Sunday, Debtember 05, 2004
Yet more character building
And it's been an interesting session. Learned quite a bit, and picked up some new tricks as well.
I'm doing some testing when I copy-n-pasted the following:
sensor—and
? How did that happen? Let's look at the O'Reilly source from which Cory copy and pasted:The phone has become a platform, moving beyond mere voice to smart mobile sensor—and back to phone again, by way of voice-over-IP.
The program I wrote would classify the text as UTF-8
, then
iconv()
would return an error. I rewrote the conversion
routine so that when it failed (iconv()
would return where it
failed doing the conversion) I would re-classify the remaining text and
continue.
Doing that, the text fragment above would be first tagged as
UTF-8
, then WINDOWS-1252
and displayed it
correctly:
sensor—and? How did that happen? Let's look at the O'Reilly source from which Cory copy and pasted:
The phone has become a platform, moving beyond mere voice to smart mobile sensor—and back to phone again, by way of voice-over-IP.
But if I copied the text twice, it would still be tagged as first
UTF-8
then WINDOWS-1252
, but the second copy would
be incorrect:
sensor—and? How did that happen? Let's look at the O'Reilly source from which Cory copy and pasted:
The phone has become a platform, moving beyond mere voice to smart mobile sensor—and back to phone again, by way of voice-over-IP.
sensor—and? How did that happen? Let's look at the O'Reilly source from which Cory copy and pasted:
The phone has become a platform, moving beyond mere voice to smart mobile sensor—and back to phone again, by way of voice-over-IP.
Not really sure how to handle that (“garbage in, garbage out” and all
that) but it's a lot better than things were before. All that was left was
to add some more code to allow plain text or HTML formatted text and a
preview mode; I put it online
so those of you who are curious can play around with it.

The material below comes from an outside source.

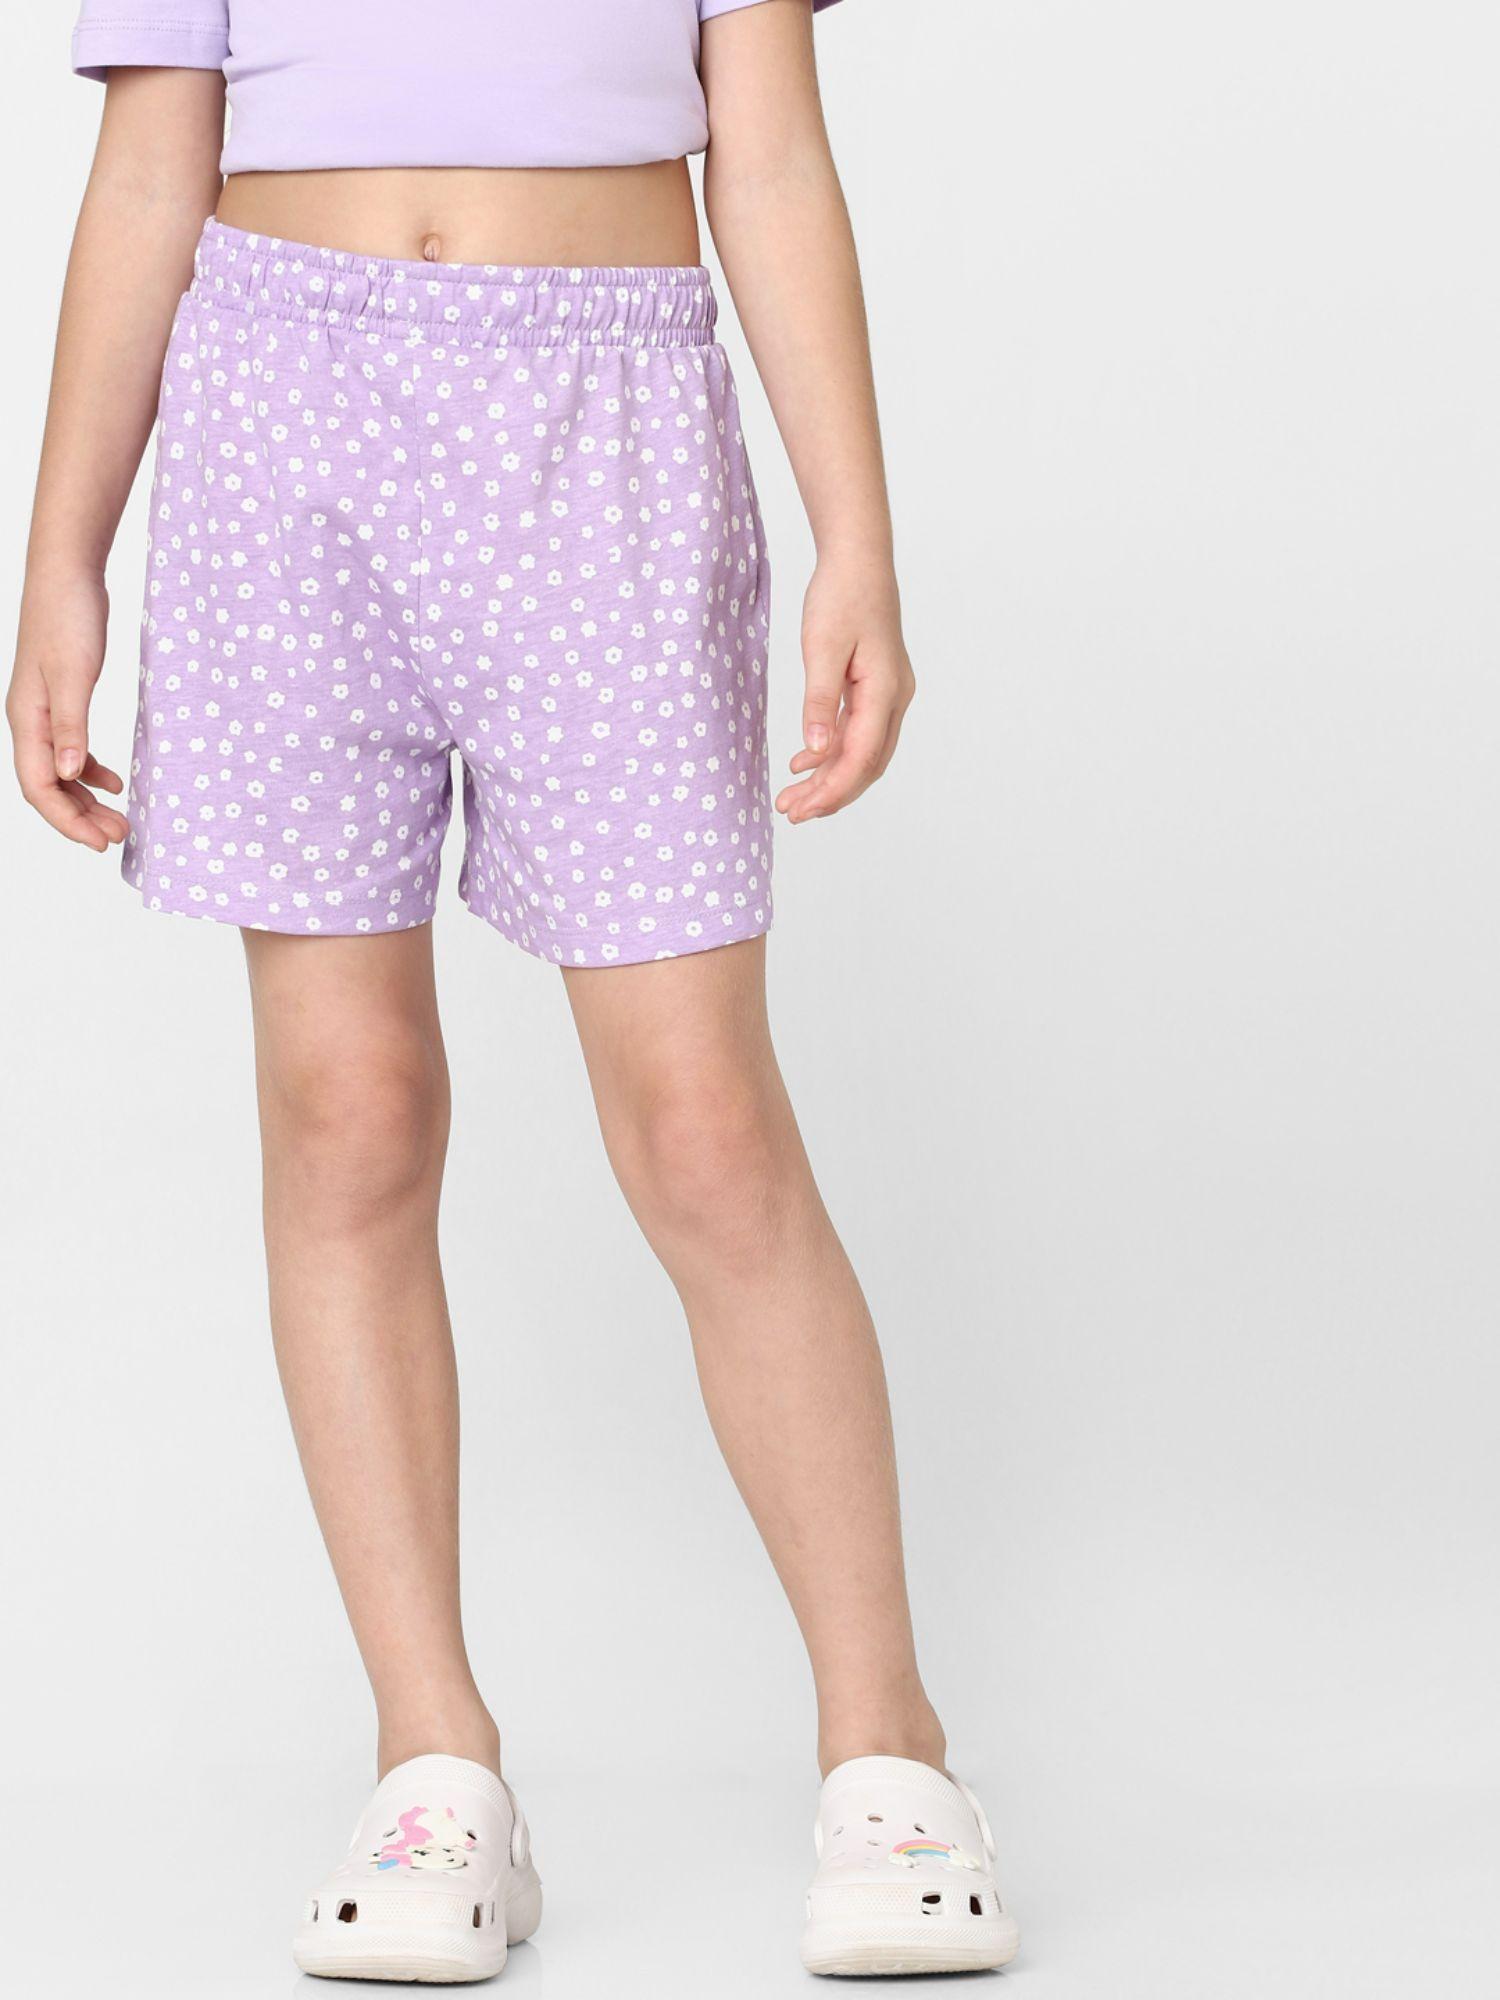 girls-printed-purple-shorts
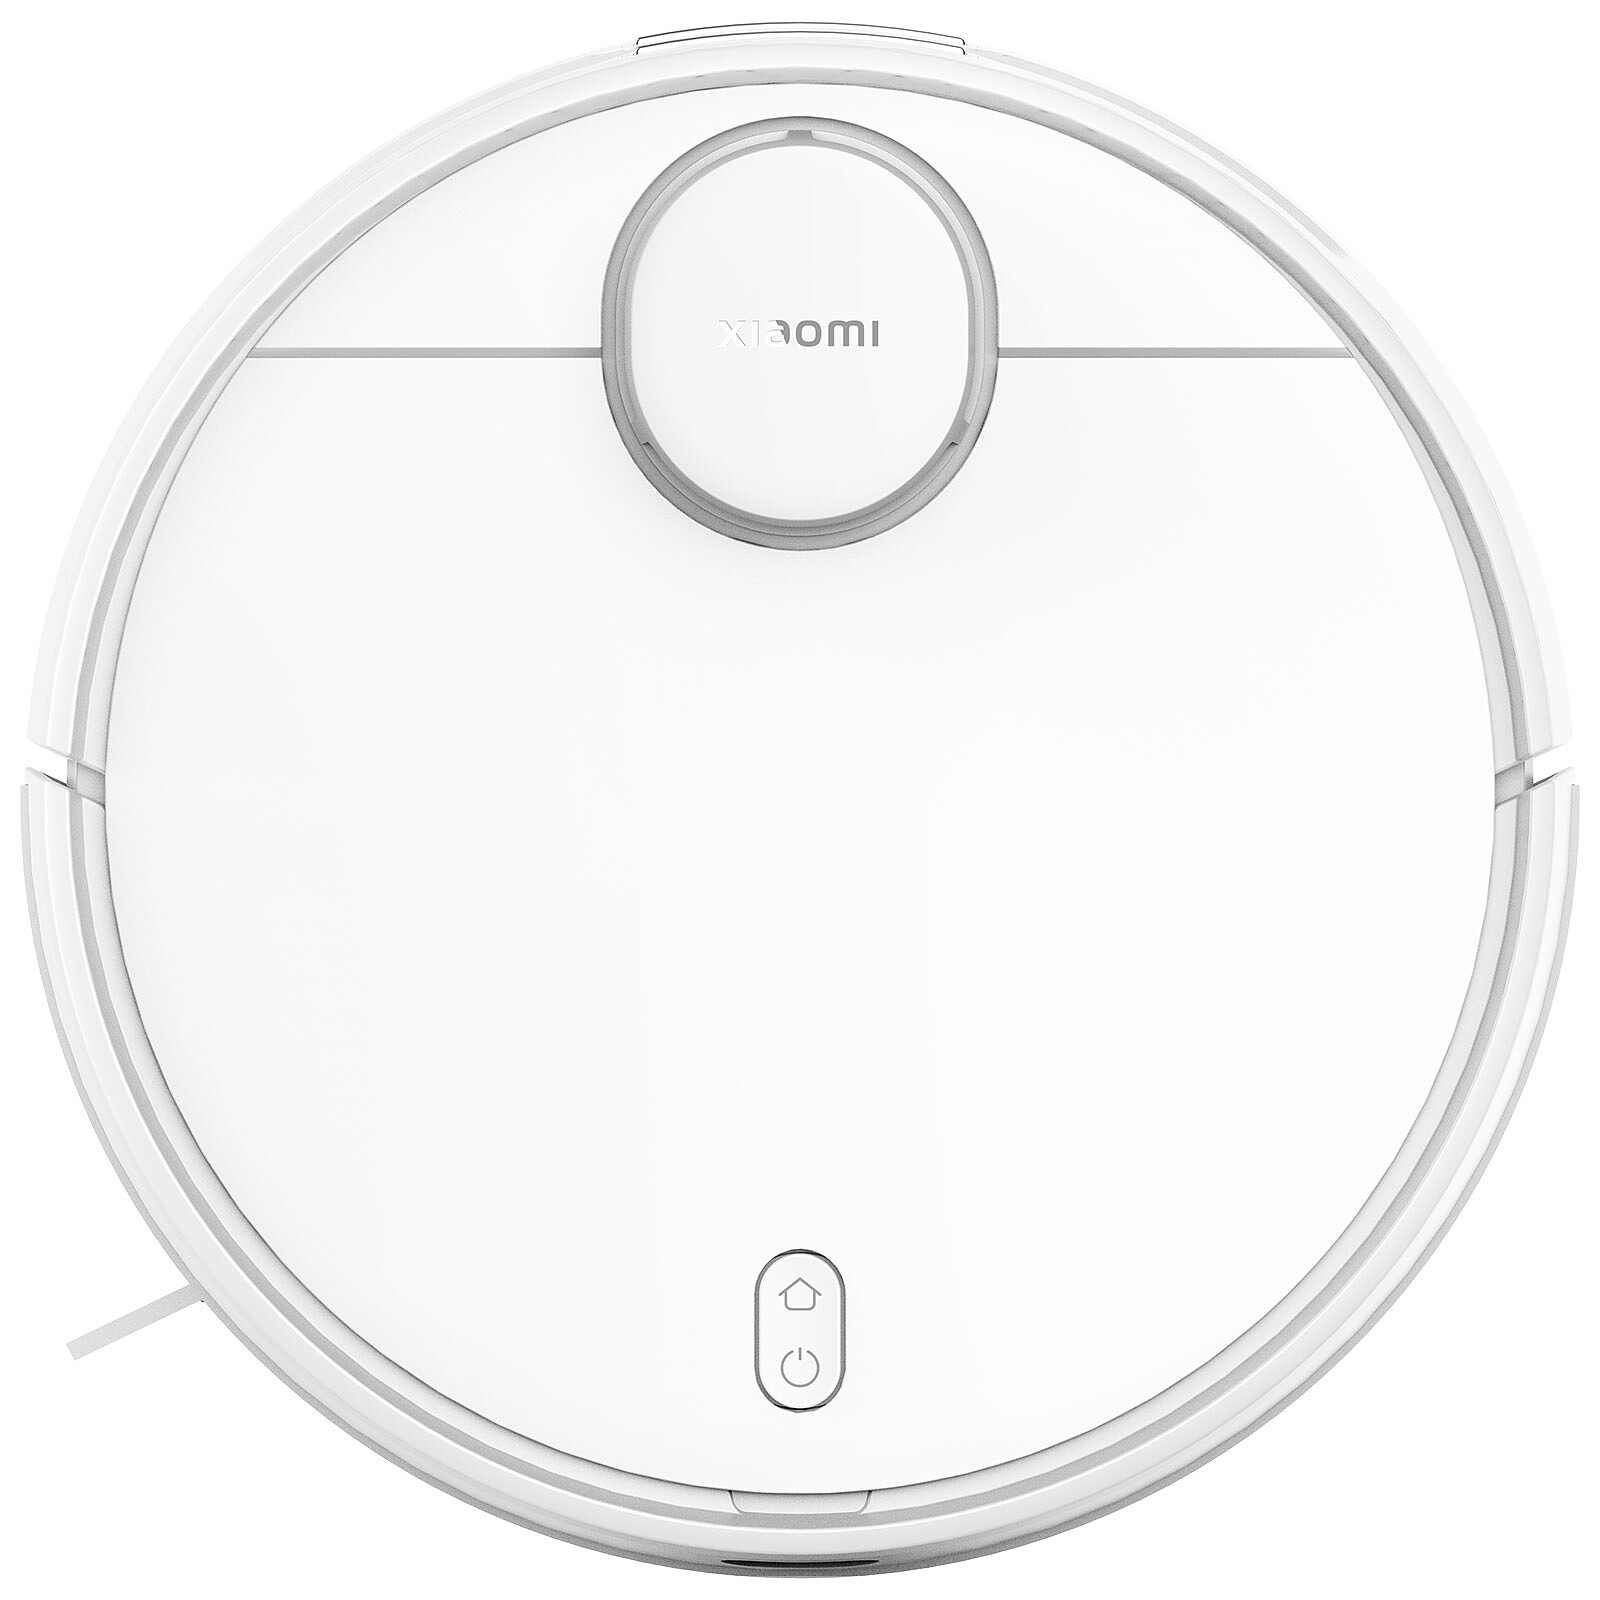 Xiaomi Mi Vacuum S12 - Robot and vacuum cleaner - LDLC 3-year warranty

The trick I learned (an epiphany if you will): I added the following to the code:
volatile int g_debug = 1; while(g_debug) ;
That will cause the program to just sit there, doing vast amounts of
nothing really fast. The reason for such a weird thing is that debugging a
CGI program (and yes,
this is written in C—don't ask) is not easy (I used to go through quite a
bit of rigamarole to simulate the webserver environment so I could use a
debugger). This trick allows the webserver to run the program (which will
just sit there) and then I can then use gdb
to attach to the
running process to debug it (once in, I set my breakpoint, then do set
g_debug=0
and resume execution of the program—wish I knew about
this eight years ago).
Another amusing thing I learned—that the “/” character in Firefox
will bring up a search box. It's not a bad thing, until you try typing a
“/” in a <TEXTAREA>
field. Then it gets right down
annoying.
Now to take what I have and integrate it.